To prove, Jesus again referenced an animal. The Pharisees would not condemn a sheepowner (such as themselves) for pulling an animal out of a pit on a Sabbath, even though the animal was not in mortal danger at that moment. So, should we be allowed to do something good for an animal, but not for a human? Do they realize how ridiculous and misanthropic they sound?


Did the Pharisees really think that there is ever a situation in which God would not want His people to do good?


The fact that they think there is is proof that they are no longer in tune with God.


Luke's version makes it clear that the Pharisees were less upset that Jesus did this on the Sabbath and more upset that Jesus defied them (and moreso that Jesus claimed Messianic authority in doing so).

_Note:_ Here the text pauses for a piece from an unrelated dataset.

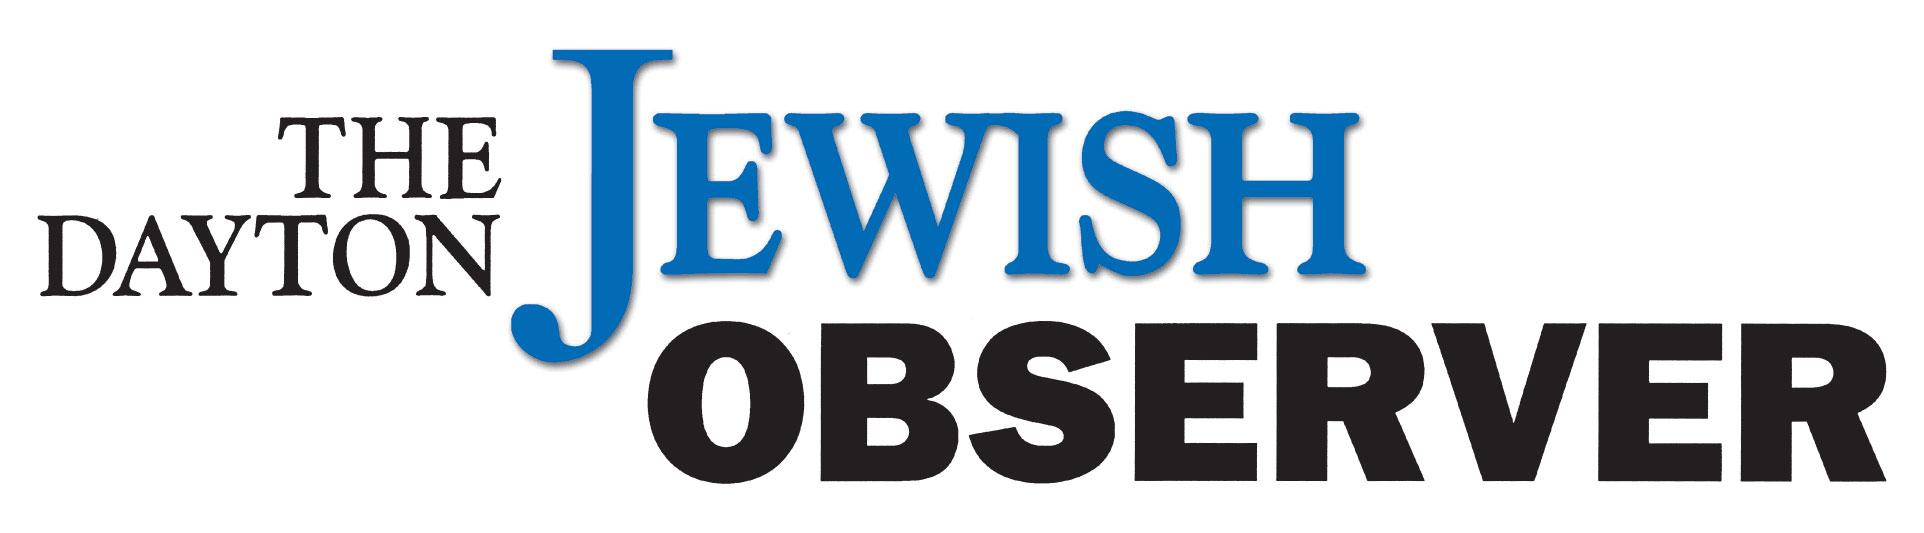 The Dayton Jewish Observer

Luke 6:9 Then Jesus said to them, “I ask you: Is it lawful to do good on the Sabbath or to do evil, to save life or to destroy it?” 10 After looking around at them all, he told him, “Stretch out your hand.” He did, and his hand was restored. 11 They, however, were filled with rage and started discussing with one another what they might do to Jesus.

Note that Matthew says nothing about the man's faith. That's not the point this time. The point is that Jesus had identified an idol for the Pharisees. That idol was themselves. They had remade god in their own image.


No matter what kind of front we put up, what kind of lifestyle we purport to lead, Jesus will always cut to the heart of things -- always cut to that place where we are not singly devoted to God but rather "serve both God and money" so to speak. He does it over and over again in the Gospels, and He is still doing it today.


My prayer is that as we get into the next section of the Gospel, our hearts will be open to how we might not be in tune with God's priorities.


But for closing discussion purposes, what are things people don't like about Jesus? (I like the Lifeway question: "How might the authority of Jesus be perceived as a threat?") How can we help overcome those conflicts?